Kincaid is used to seeing the checkered flag.

"We don't often put third place [trophies] up. Not enough room in the trophy case," said Kincaid.

The driver was born and raised in Crandon and quickly became a race fan.

"I always dreamed of racing but I never imagined I'd be where I'm at today," said Kincaid.

And now he's building a new car for his seventh season as a professional driver.

Last year, he raced in a Pro-4 car in the Torc series, but this year he's going back to Pro-2 for the new Lucas-Oil Off-Road season.

"Two-wheel drive. About the same horsepower as the for-wheel drive. About 900 horsepower," said Kincaid.

That horsepower has carried him to finish line after finish line. And some of those titles have been at his home town track at the Crandon International Off-Road Raceway. 

That's where he'll start the 2018 season with the Brush Run.

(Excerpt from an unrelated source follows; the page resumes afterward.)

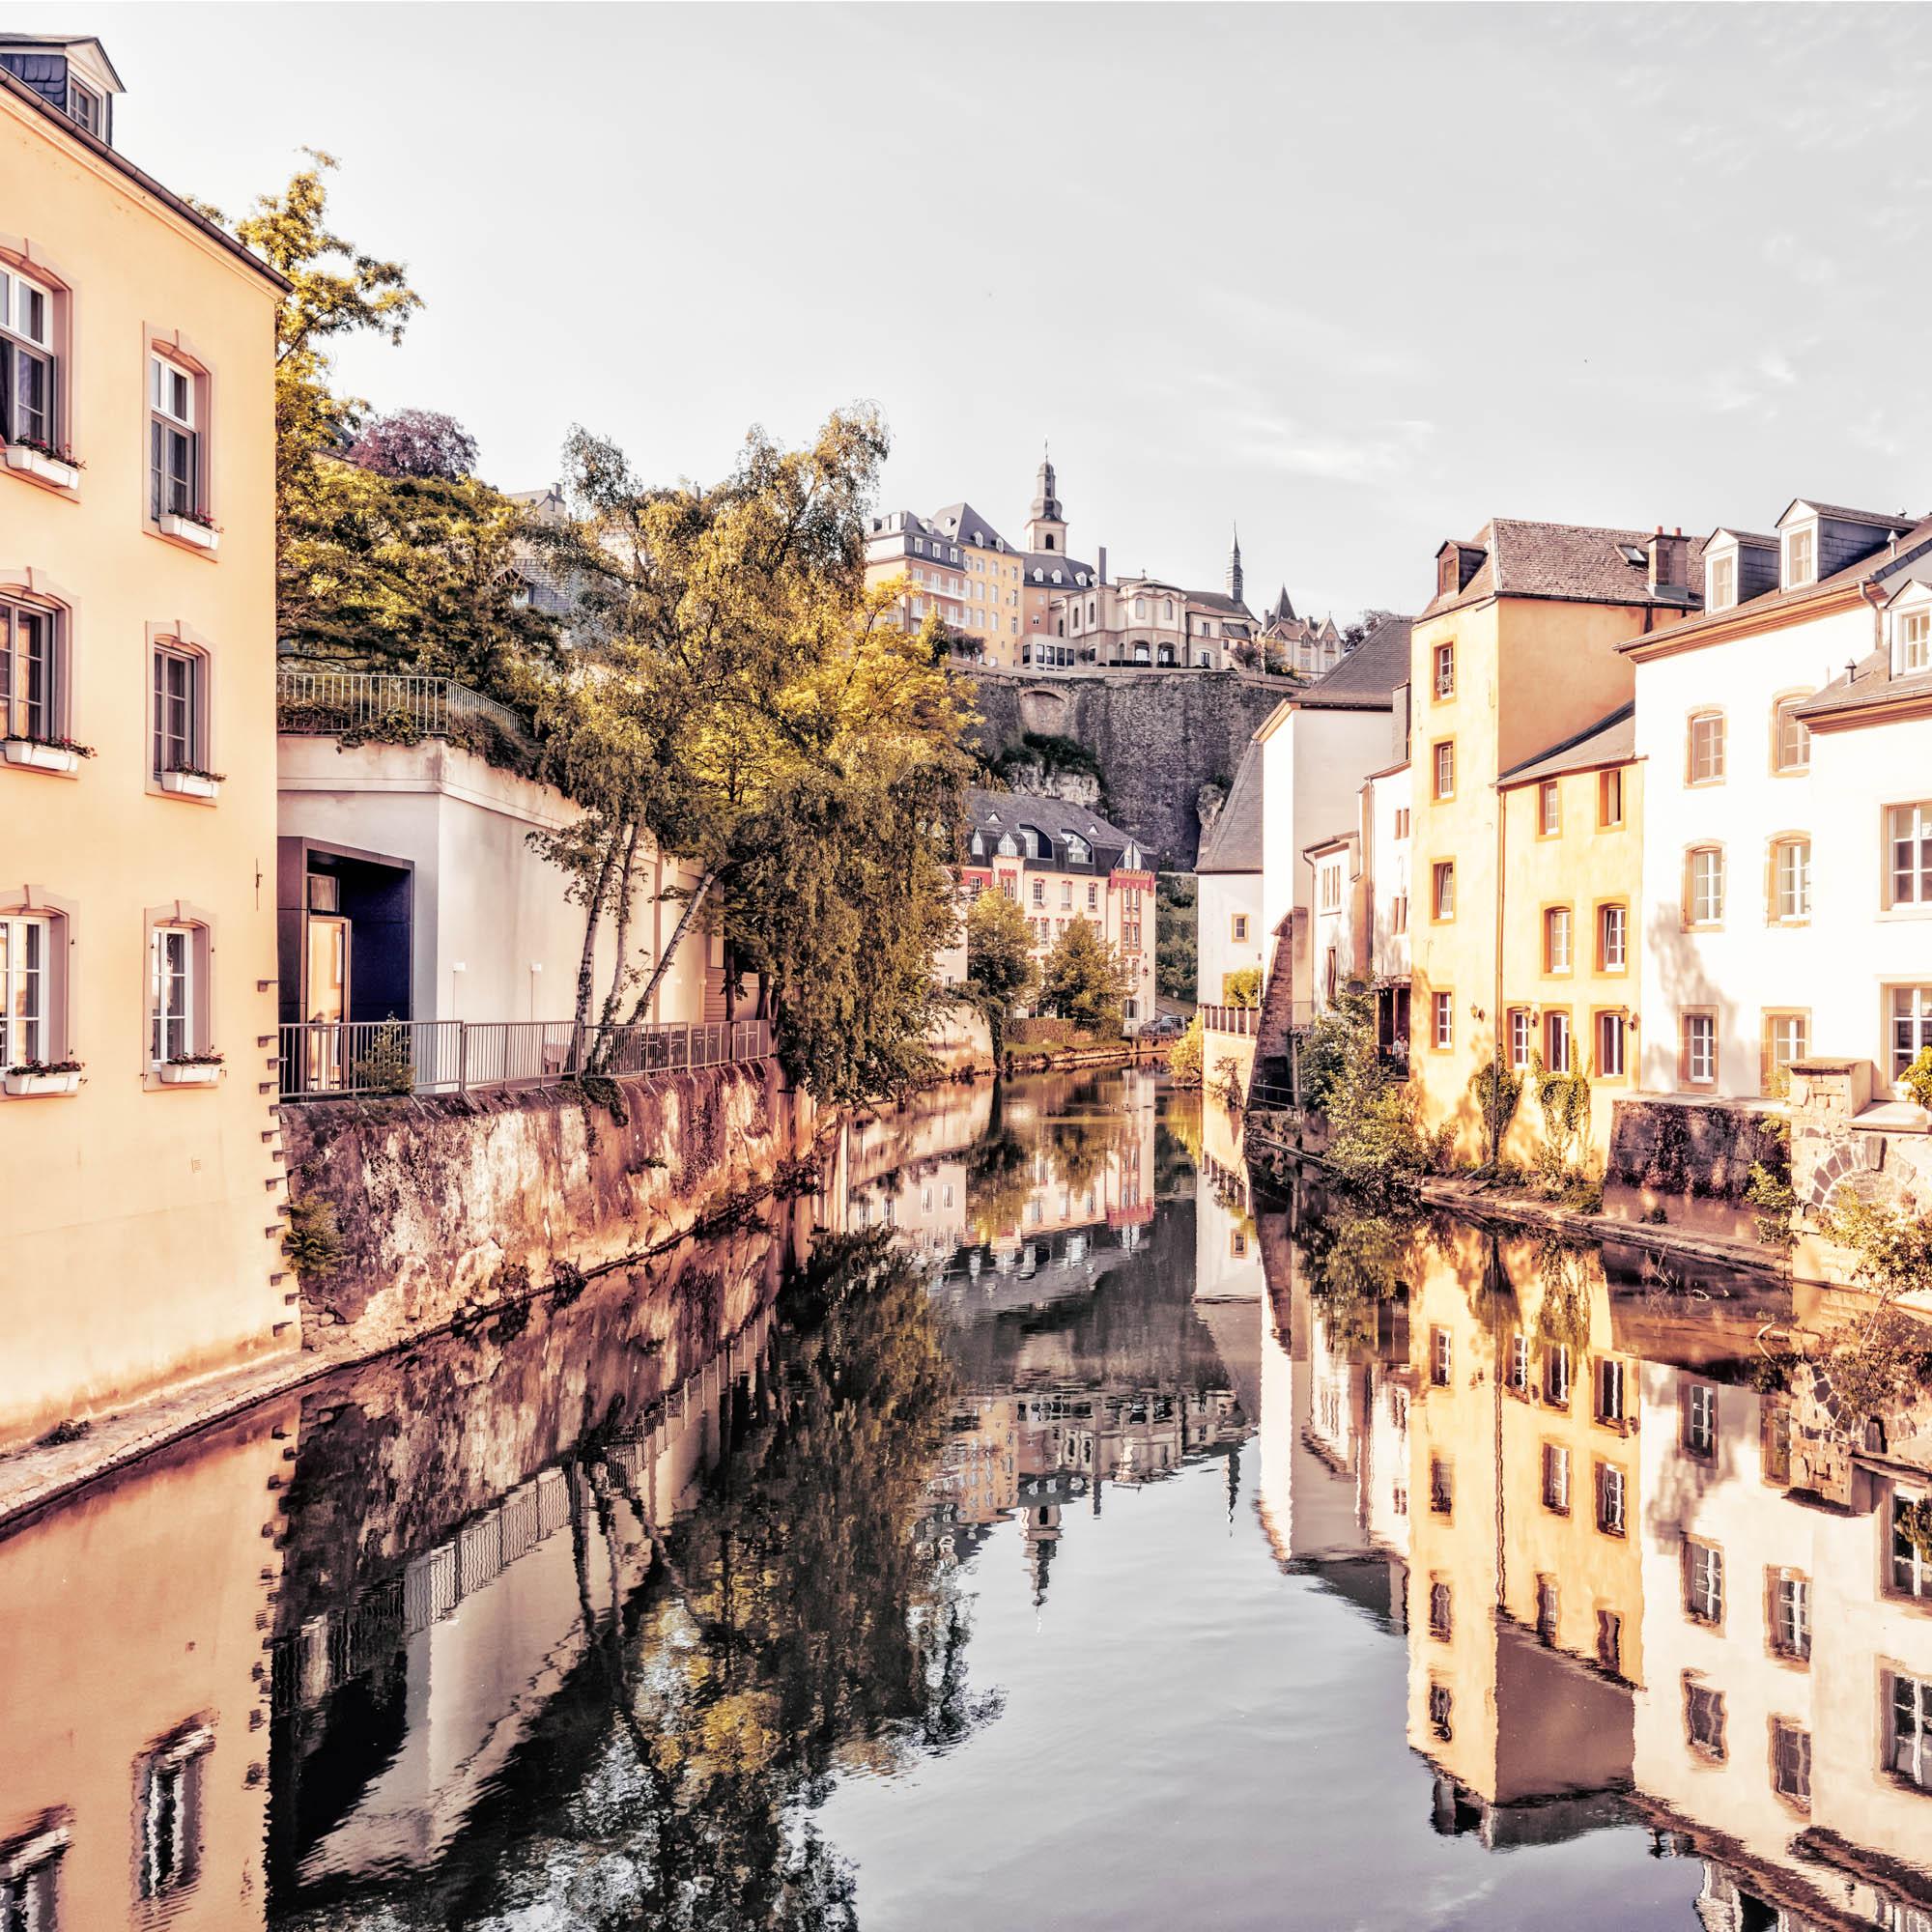 LUXEMBOURG-Still-11.jpg
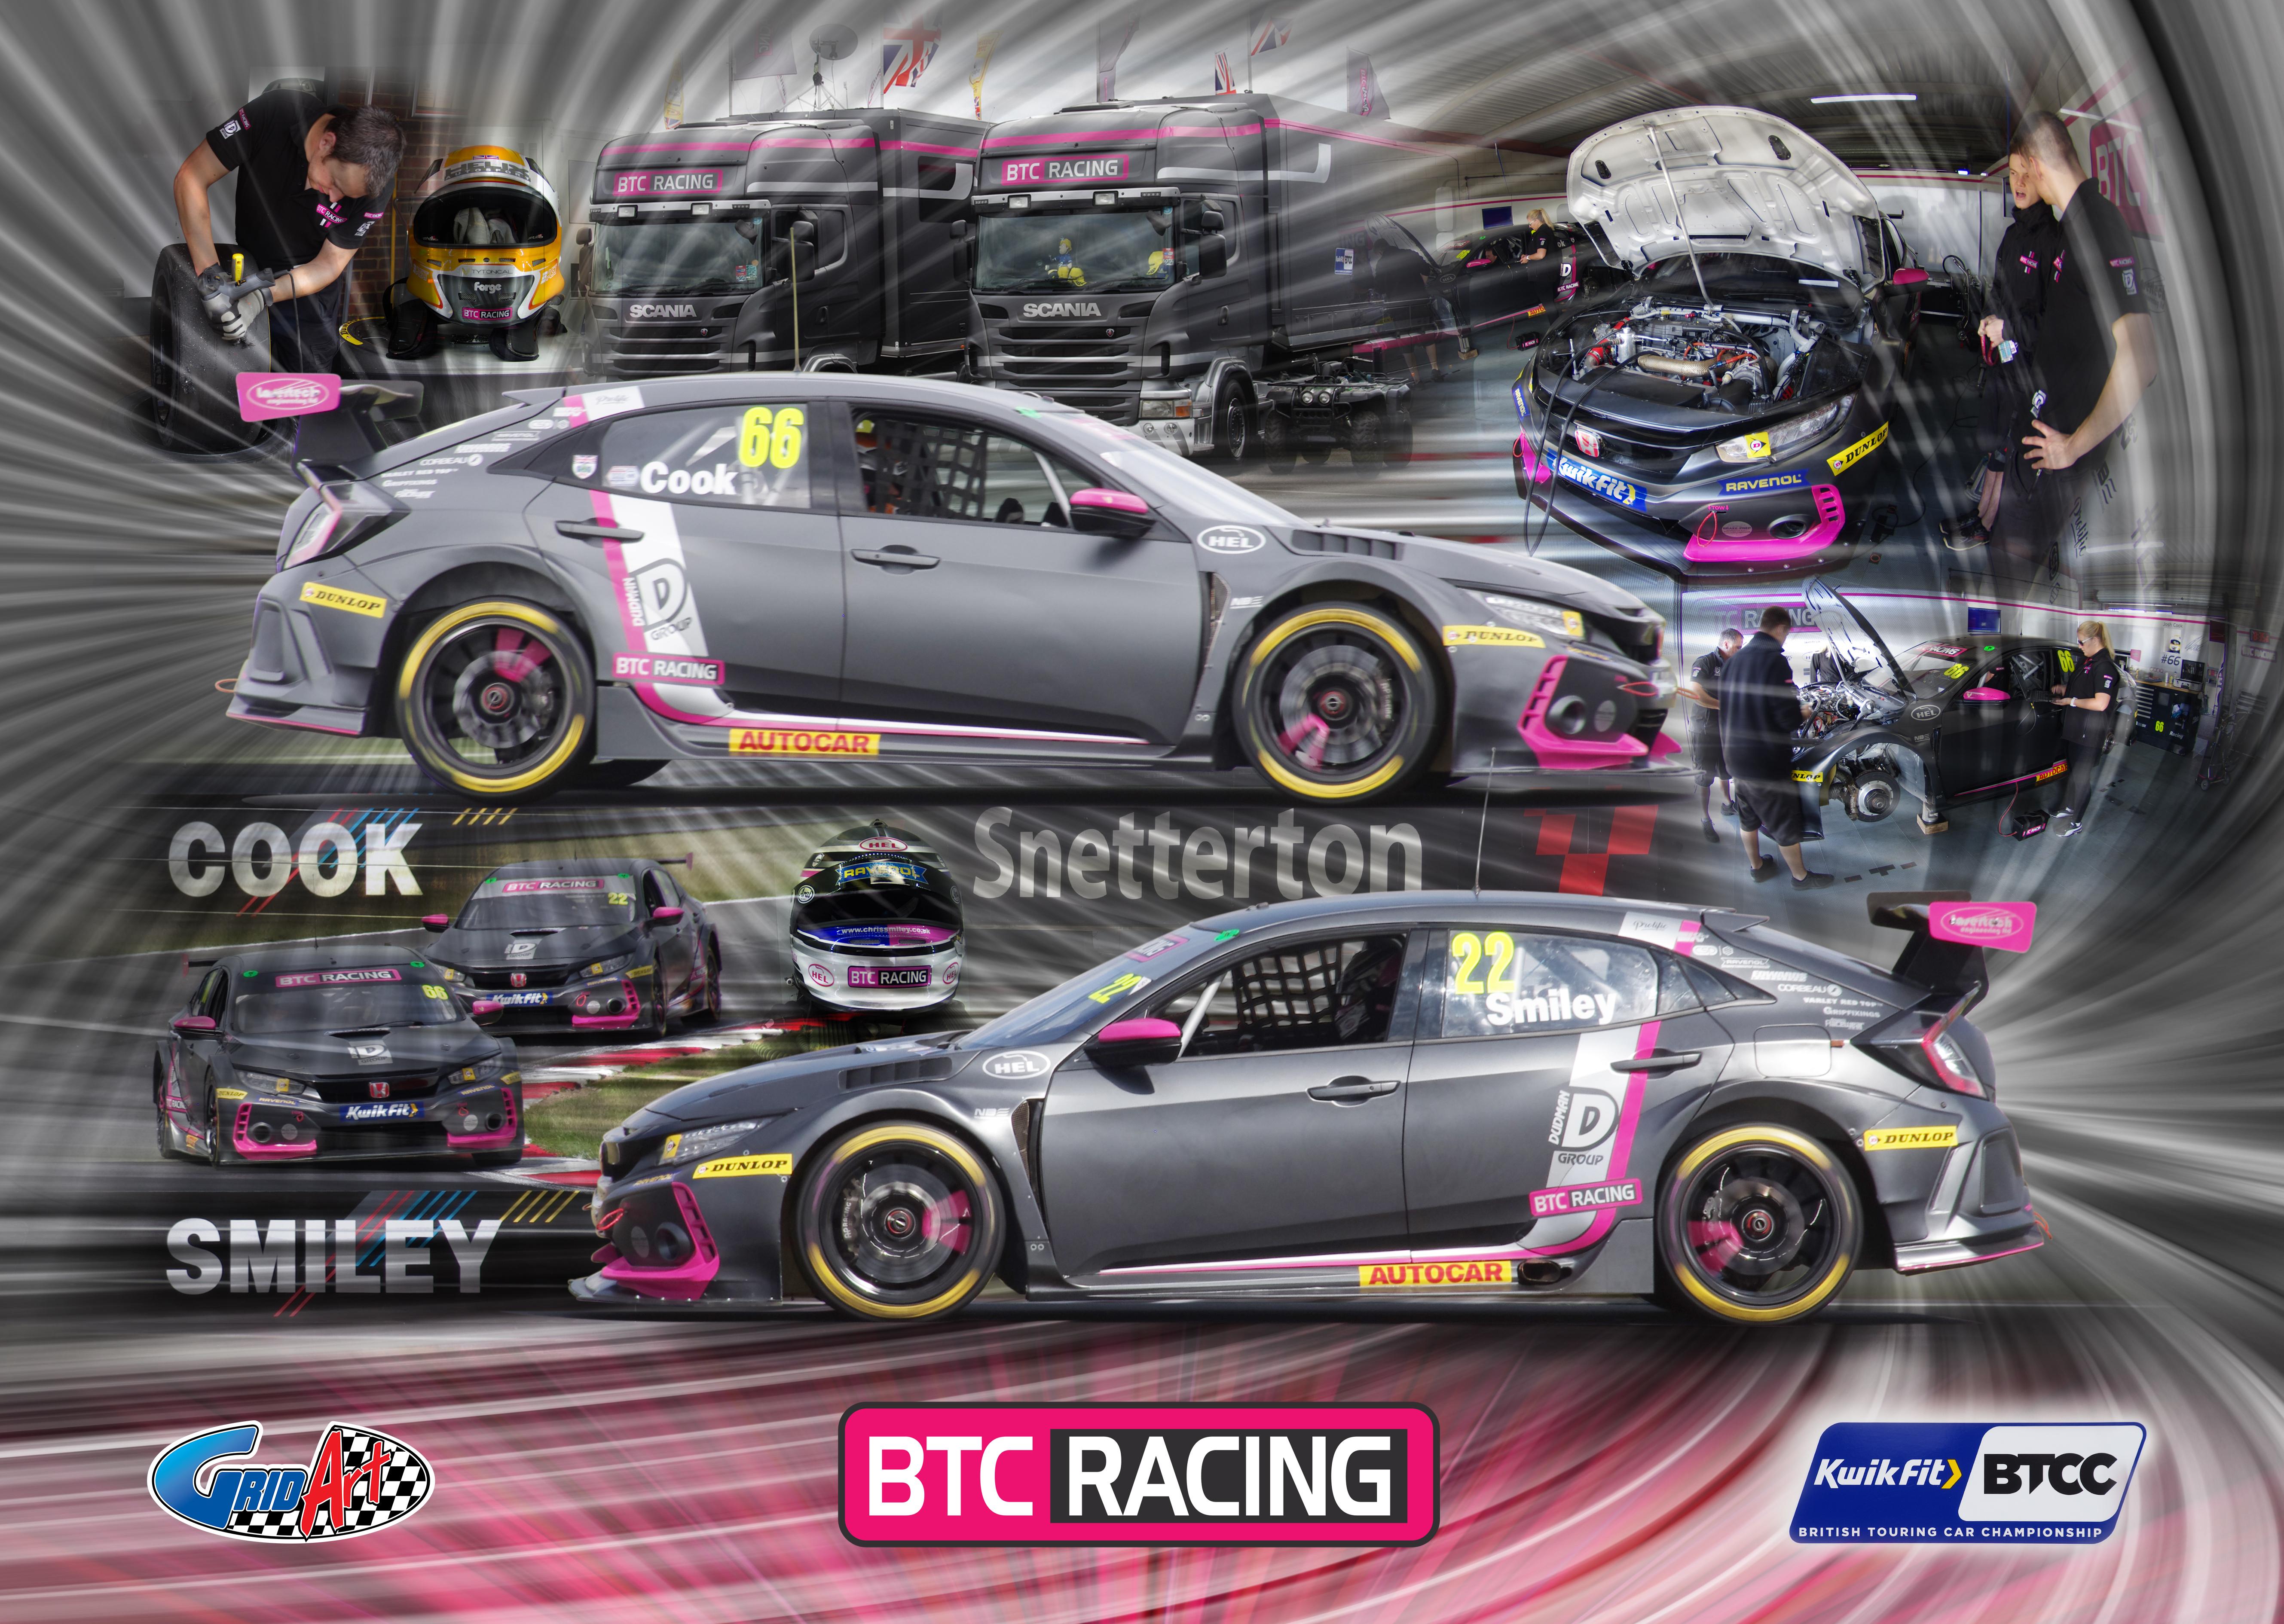 BTC Racing - BTCC 2019

"We're trying to get a head start on this truck and be ready to go so we can get some testing in so when we hit that first event so we're ready to go and race," said Kincaid.

Racing at home always makes him reflect back to his days as a fan.

"I was in those shoes at one time and sitting on the hill at Crandon and just imagine being here," said Kincaid.

And now that he's in the driver's seat and a home town favorite, he knows that support helps him as he's going 100 MPH.

"To have the majority of fans at that race on your side is really cool," said Kincaid.

The Crandon Brush Run will be the weekend of June 16-17 if you would like to see Kincaid in action.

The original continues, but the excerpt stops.